Task requirements: Pull each line containing "White" out of the listing below.

Recorded information:

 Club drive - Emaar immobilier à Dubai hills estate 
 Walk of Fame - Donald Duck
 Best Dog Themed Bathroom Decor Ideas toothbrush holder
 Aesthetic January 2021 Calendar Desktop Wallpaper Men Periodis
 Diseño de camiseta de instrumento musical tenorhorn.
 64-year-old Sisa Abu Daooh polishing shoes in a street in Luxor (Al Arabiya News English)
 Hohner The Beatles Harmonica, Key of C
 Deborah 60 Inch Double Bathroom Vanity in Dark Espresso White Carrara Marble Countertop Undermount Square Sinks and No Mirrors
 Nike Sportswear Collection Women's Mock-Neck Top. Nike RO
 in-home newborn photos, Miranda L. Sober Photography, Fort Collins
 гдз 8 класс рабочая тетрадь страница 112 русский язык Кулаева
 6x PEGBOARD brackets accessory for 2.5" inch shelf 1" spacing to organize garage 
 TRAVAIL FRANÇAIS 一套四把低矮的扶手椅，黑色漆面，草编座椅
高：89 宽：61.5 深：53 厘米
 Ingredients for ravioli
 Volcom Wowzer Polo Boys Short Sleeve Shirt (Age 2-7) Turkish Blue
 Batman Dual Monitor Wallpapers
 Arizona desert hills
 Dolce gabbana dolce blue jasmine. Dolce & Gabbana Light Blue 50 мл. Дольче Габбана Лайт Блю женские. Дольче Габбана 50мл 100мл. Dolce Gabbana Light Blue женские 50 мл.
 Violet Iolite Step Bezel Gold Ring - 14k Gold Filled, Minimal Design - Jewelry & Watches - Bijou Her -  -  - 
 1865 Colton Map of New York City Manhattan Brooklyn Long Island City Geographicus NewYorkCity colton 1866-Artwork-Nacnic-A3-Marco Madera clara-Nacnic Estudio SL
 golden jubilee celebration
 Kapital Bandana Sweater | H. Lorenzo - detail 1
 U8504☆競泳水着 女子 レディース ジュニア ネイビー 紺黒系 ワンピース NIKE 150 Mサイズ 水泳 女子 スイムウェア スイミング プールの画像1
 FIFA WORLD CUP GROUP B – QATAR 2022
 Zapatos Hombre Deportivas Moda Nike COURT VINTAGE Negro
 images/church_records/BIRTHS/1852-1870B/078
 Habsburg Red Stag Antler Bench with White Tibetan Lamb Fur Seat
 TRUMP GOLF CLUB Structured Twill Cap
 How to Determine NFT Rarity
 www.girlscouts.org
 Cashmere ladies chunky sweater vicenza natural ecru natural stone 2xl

Solution:
 Deborah 60 Inch Double Bathroom Vanity in Dark Espresso White Carrara Marble Countertop Undermount Square Sinks and No Mirrors
 Habsburg Red Stag Antler Bench with White Tibetan Lamb Fur Seat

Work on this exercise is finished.